On December 4th, the United Nations Educational, Scientific and Cultural Organization announced that 72 cities in 46 countries around the world, including Tianjin, Shenyang, and Ningbo in China, have been recognized as new members of the organization's Global Network of Learning Cities. This recognition is to commend the outstanding commitment and efforts of these cities to ensure that everyone has the right to education.
Stefania Giannini, Assistant Director-General for Education at UNESCO, stated that cities play a crucial role in promoting lifelong learning, and the 72 new UNESCO Learning Cities announced are transforming every street, library, workplace, museum, and home into places of knowledge and innovation.
The UNESCO Global Network of Learning Cities was initiated by the UNESCO Institute for Lifelong Learning in 2013 and officially accepted city applications in 2015. The network aims to support and promote policy dialogue, exchange of experiences, and sharing of practices among member cities to enhance lifelong learning capacity building and community sustainable development.
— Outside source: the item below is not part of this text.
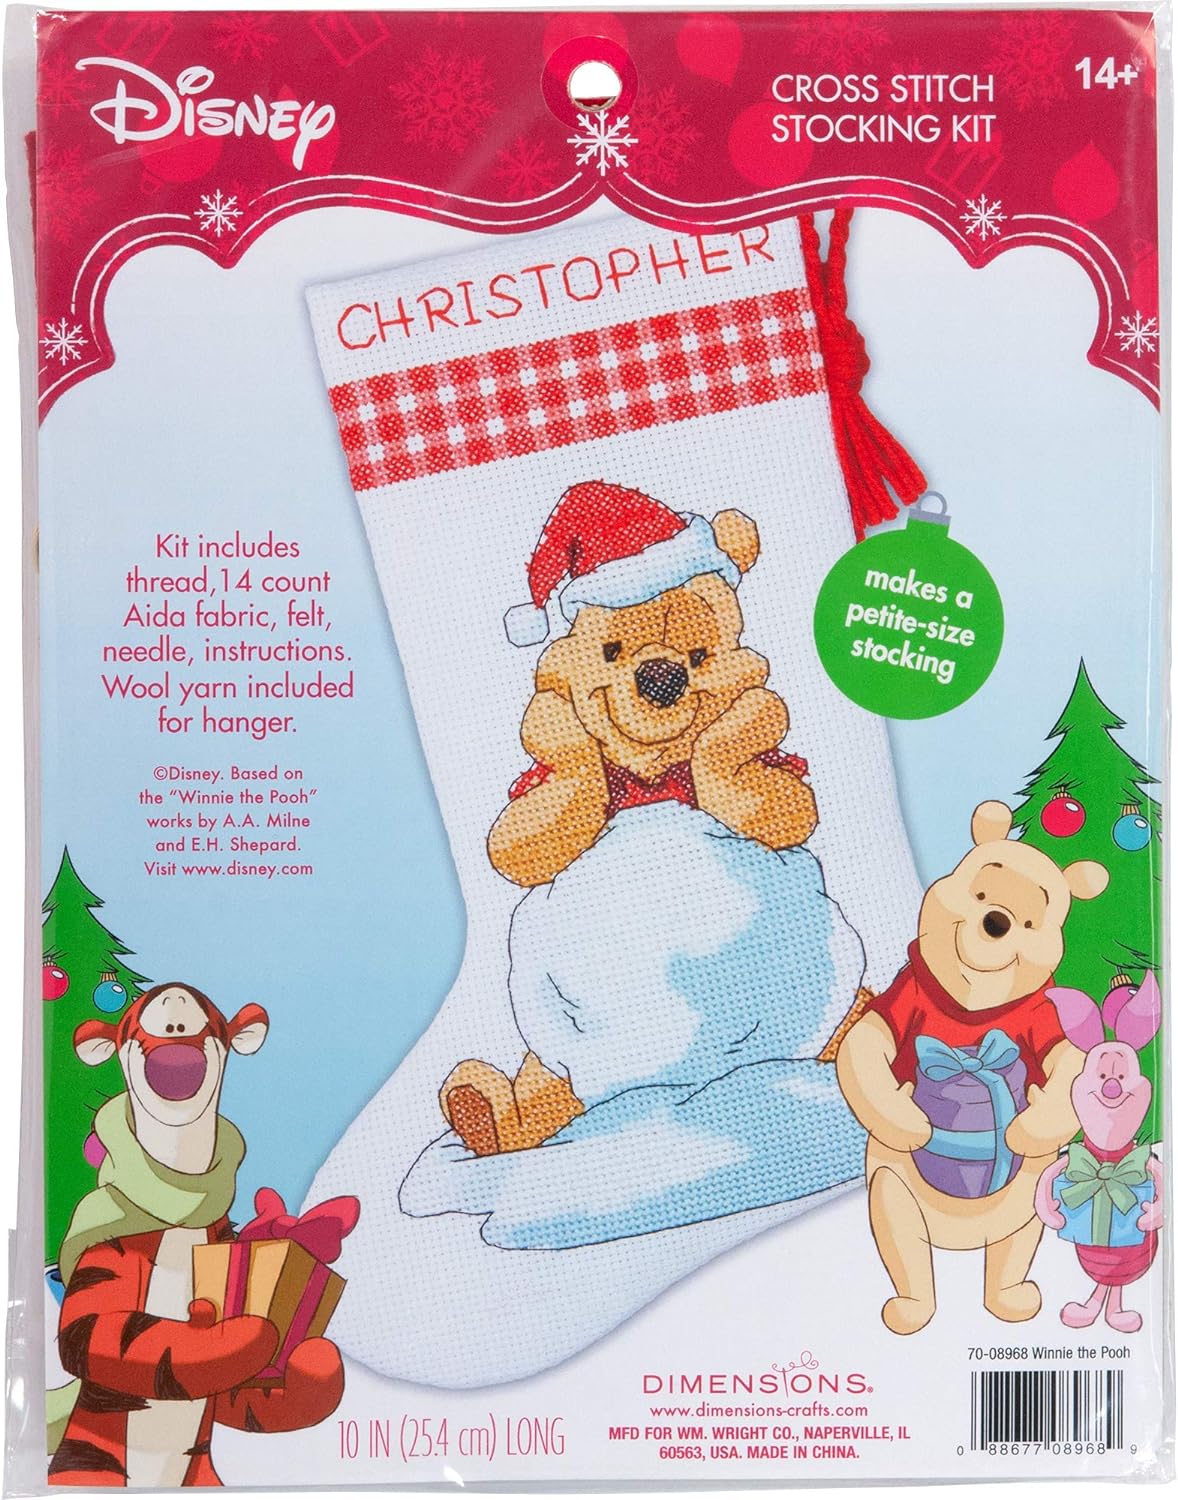 Winnie the Pooh Cross Stitch Stocking Kit: Includes: Thread, 14

Currently, China has 15 cities that have joined the Global Network of Learning Cities, including Tianjin, Shenyang, and Ningbo that were newly selected. The other cities include Beijing, Taiyuan, Chengdu, Wuhan, Changzhou, Hangzhou, Shenzhen, Xi'an, Shanghai, Guangzhou, Nanjing, and Suzhou. Beijing, Hangzhou, Chengdu, Shanghai, and Wuhan have previously been recipients of the UNESCO Global Learning City Award.